Stock Market: What is a Share buyback offer and should you participate? Explained here in a simple manner

Update: 2021-04-04 09:15 IST

Stock Market: What is a Share buyback offer and should you participate? Explained here in a simple manner

Many companies with large surplus cash on books opt for buyback of shares. The boards of many companies, such as GAIL India and NALCO, had announced share buyback in the fourth quarter of the financial year 2020-21. But the question that arises here is what a buyback means? Should stock market investors should participate in the share buyback or stay away from it? Will it give good returns? Here is the explanation of share buyback and what you as an investor should do. All questions related to the share buyback are answered here:-

What is share buyback?

Basically, a buyback happens when a company buys its own shares from the market at a premium price to reduce its number of shares available in the open market for a number of reasons like to increase the value of remaining shares, increase overall holding value or giving less dividend to the market.

Why any company does a buyback?

Generally, when a company feels that their shares are undervalued, they have surplus cash for buyback, they go for it. The buyback also shows that management is confident about the performance of their business in the future. There are two types of buybacks—open tender offers from the existing shareholders on a proportionate basis and open market through stock exchanges. Most companies prefer to go through the open market route. In buybacks which are done through the tender offer route, 15 per cent of the number of shares to be bought back is reserved for the small shareholders, whose market value as on record date is not more than Rs 2 lakh.

What's the standard procedure of share buyback?

First of all, the company going for buyback has to announce its buyback date and offer price in advance, whoever is holding the share on that date is eligible for buyback action. Then the company sends a tender offer letter to all shareholders. This letter provides details of shareholding and how many shares; he or she is selling to the company at the buyback price. The letter also keeps details of the tender period; a user can give authority to the broker for buyback participation. Now, the broker transfers stock to the company from the client's DP and then the company pays directly to the client the total value of the stock at buyback price.

How a client gets benefitted from it?

The company always buys its shares at a good premium to attract more people towards the offer. Suppose the current price of the stock is Rs 400 apiece, then the company may give an offer of Rs 430-450 or even better price. Now it is advised that before 2-3 days of the buyback record date, you can buy the shares of the company and hold the shares in your portfolio if you wish to be eligible for a buyback offer.

Now you have two options:

First, keep your holding until the tender period company will inform you, what quantity they are buying back from you.
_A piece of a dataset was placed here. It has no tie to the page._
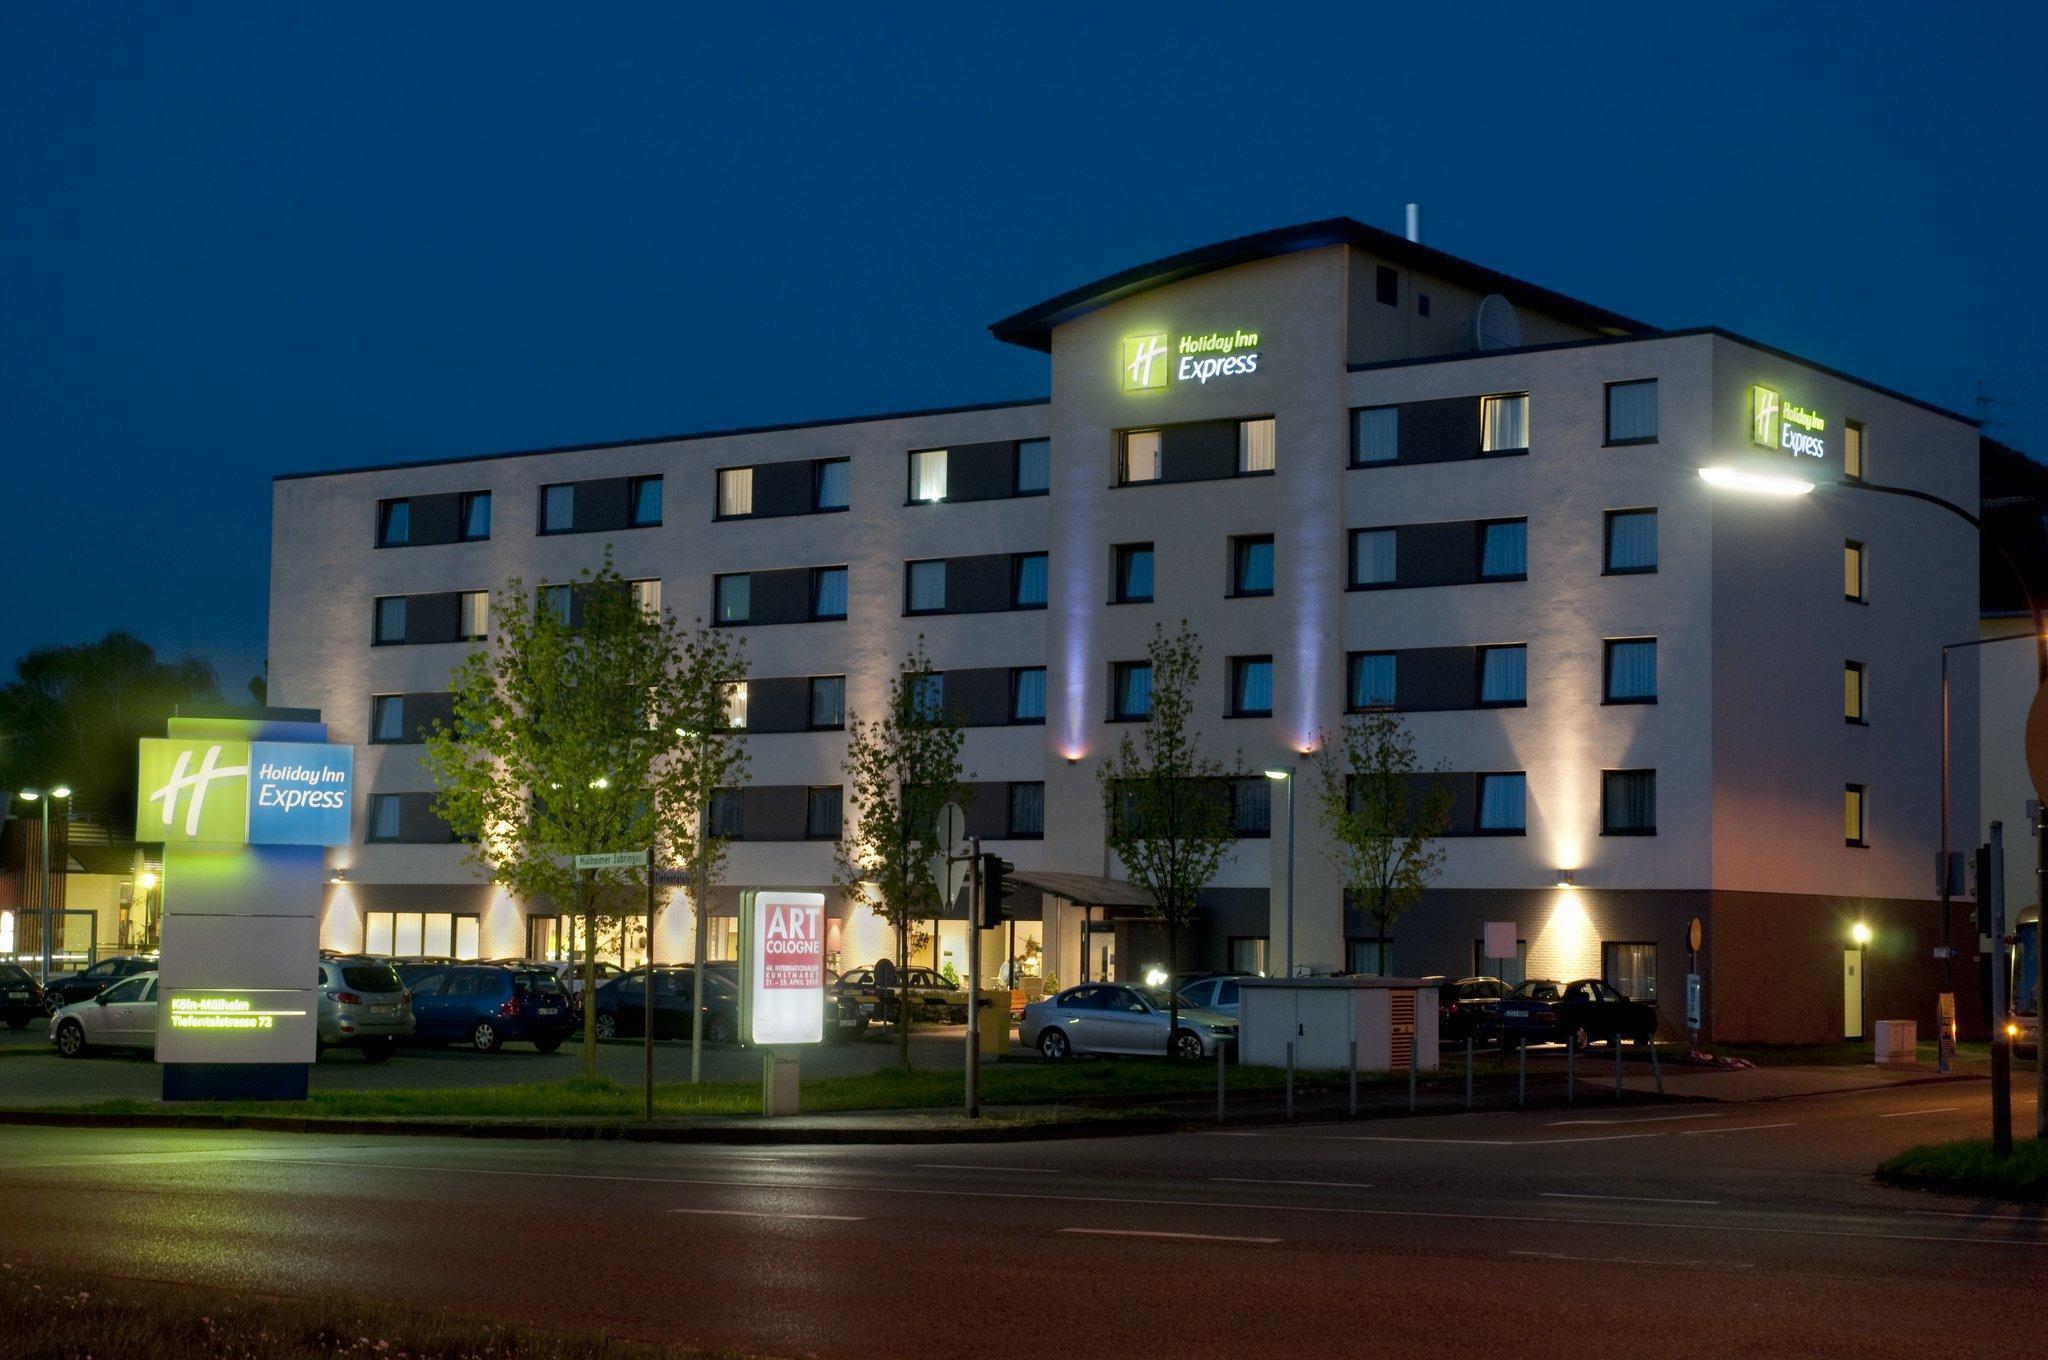 Holiday Inn Express Cologne M�lheim

You can provide those shares to them and then you can sell the rest of the shares.

The second strategy could be, once the record date is passed you can sell the stocks and when you receive a tender notification, buy it from the open market and sell it to the company.
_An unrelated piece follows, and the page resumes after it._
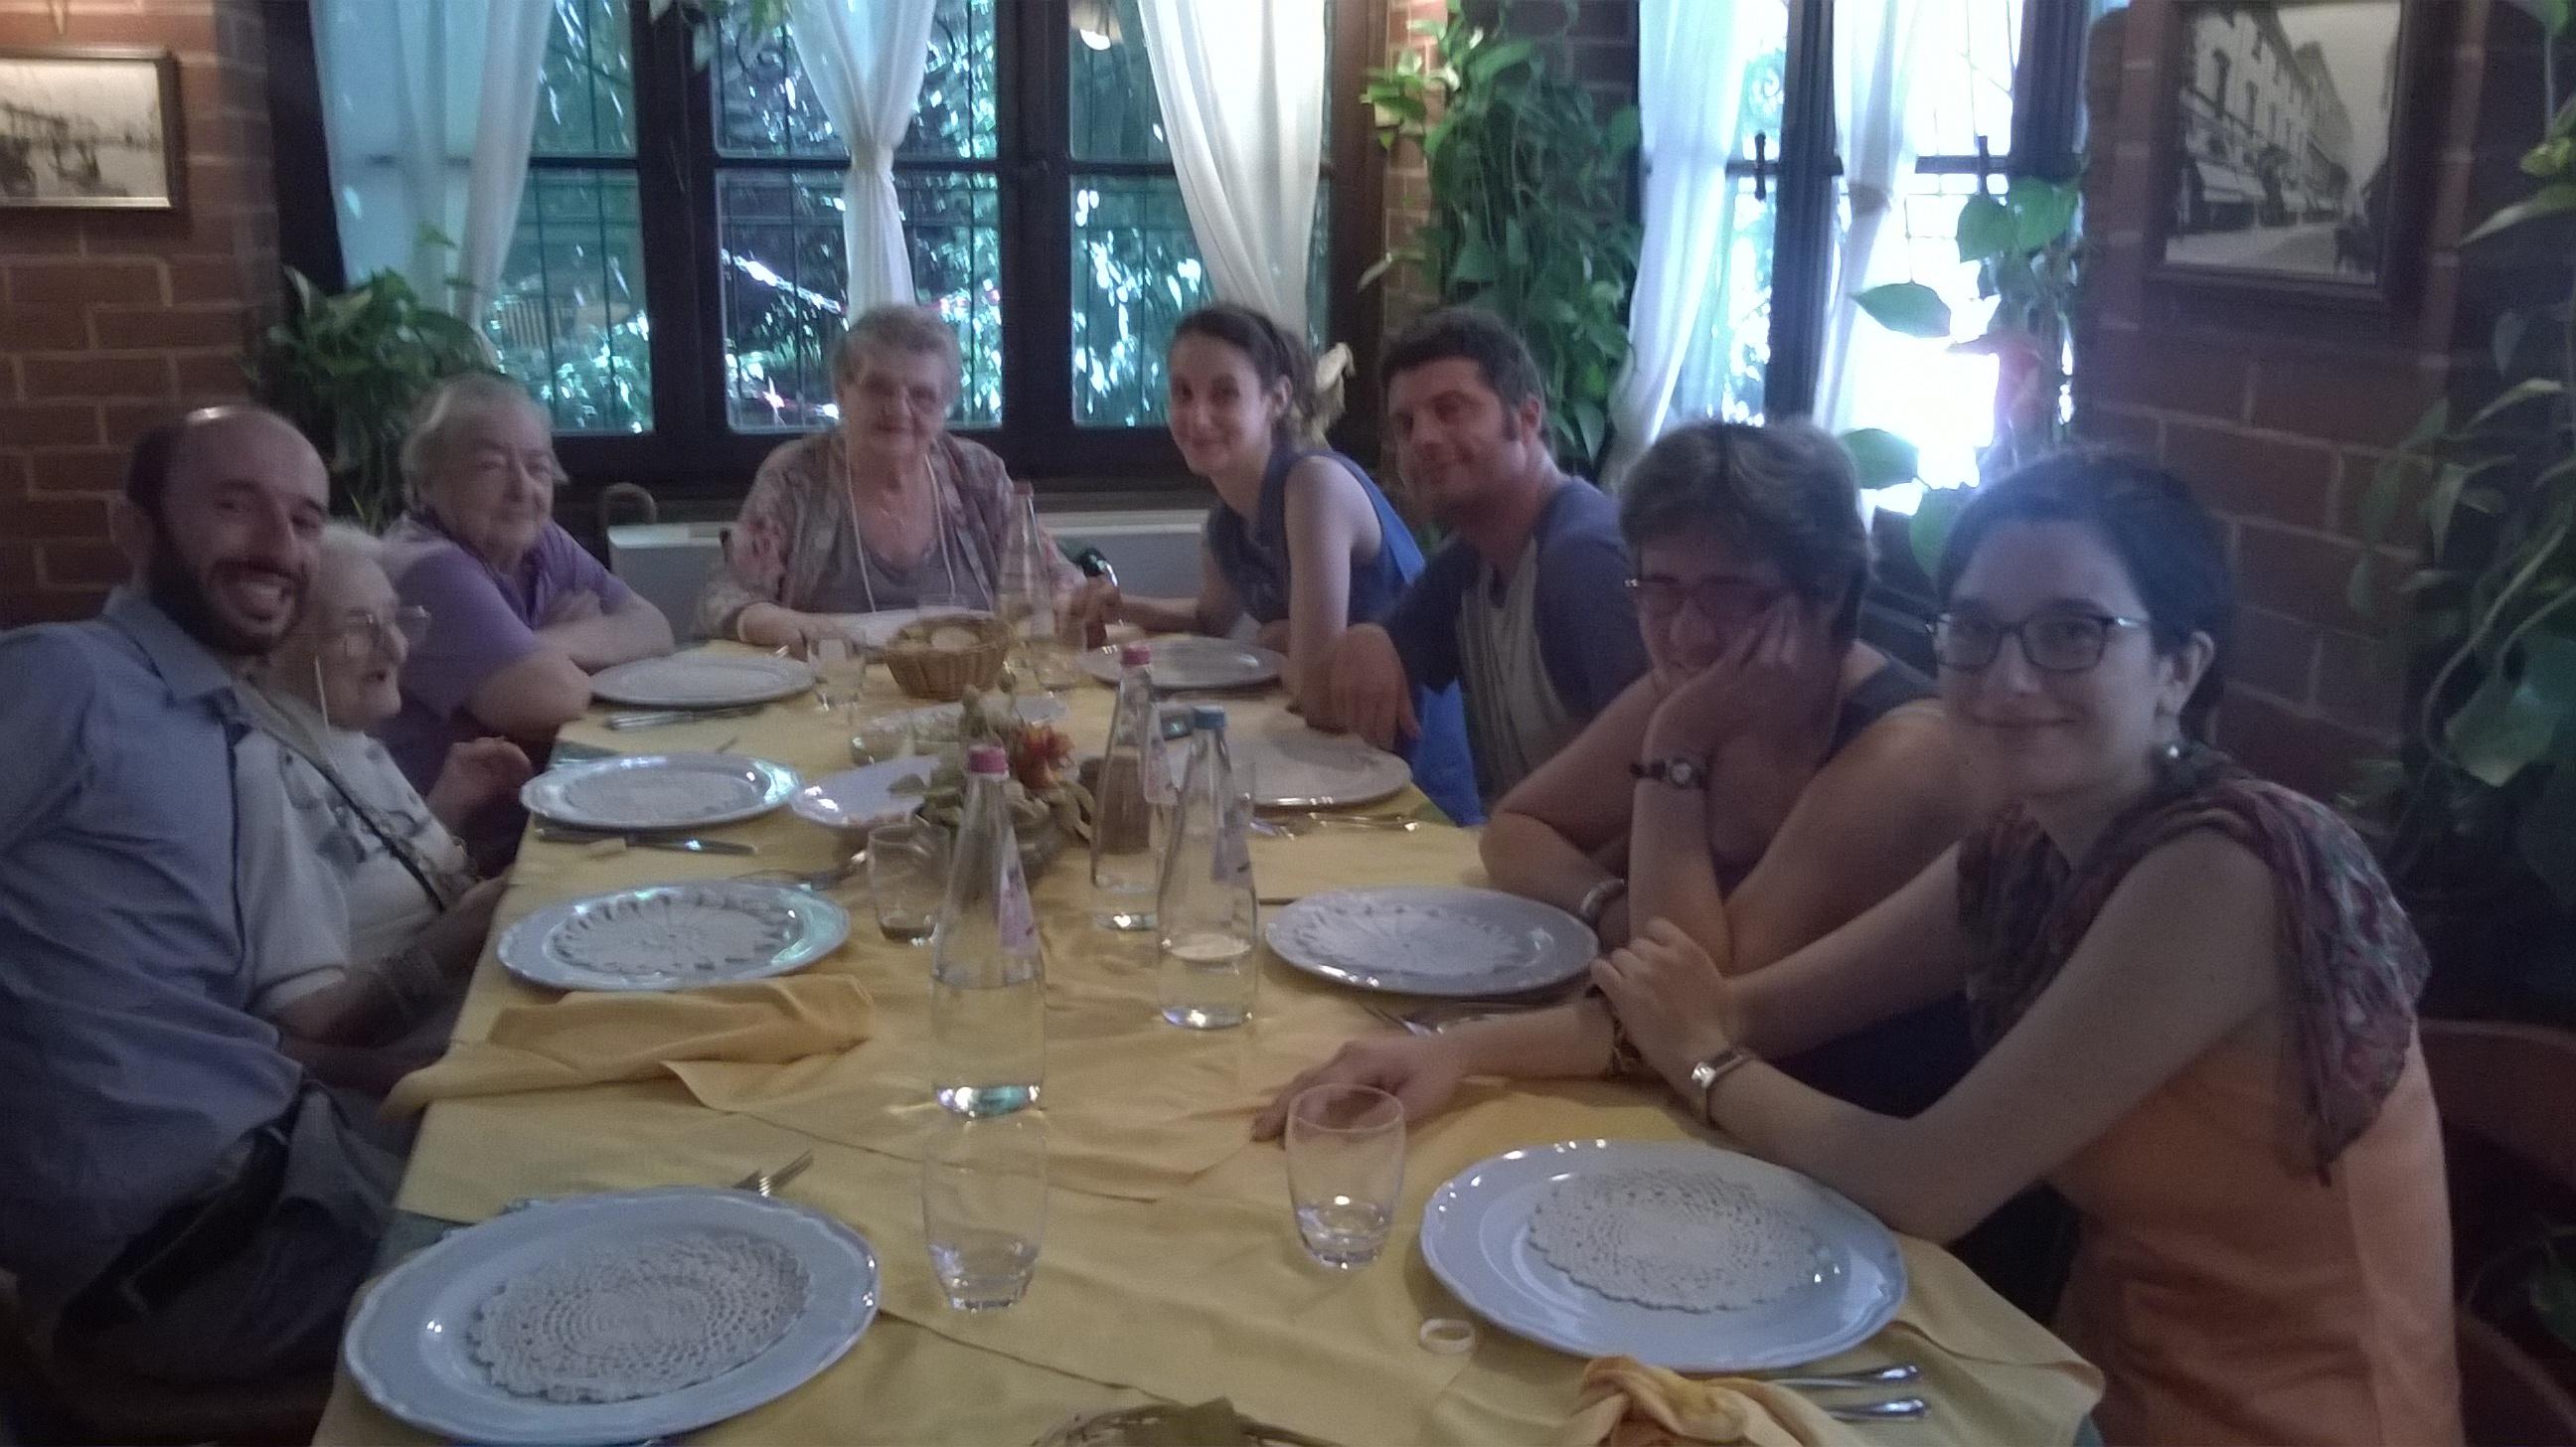 #estatesolidali a Pavia: un week end con gli anziani contro la solitudine e il caldo

Both strategies have their pros and cons.

What are the risks involved in share buyback?

If the company buys 100 per cent of your holding, there would be no risk in this trade, but it is not decided in advance, it depends on how much participation comes from the market. Generally, the buyback ratio varies from 10 per cent to 50 per cent. If the buyback ratio is 25 per cent and you are holding 100 shares of the company, the company will only buy 25 shares from you, which means your 75 shares are at market risk. So you have to make your strategy accordingly.

Points for investors

Before participating in the buyback, the investors must analyse the price movement of the share just before the buyback is announced. If there is a steep price rise in the share of the company, then the investors should be cautious.

Investors should always look at the size of the buyback offer, the price and the duration of the offer. If the buyback size is too small compared with the overall market capitalisation of the company, the impact on the share price could be very insignificant.

Investors should also look at the debt-equity ratio to understand the fundamentals of the company. In the case, where the debt level of the company is higher than the industry average, it means that its free cash flow in the future is going to be a tight one.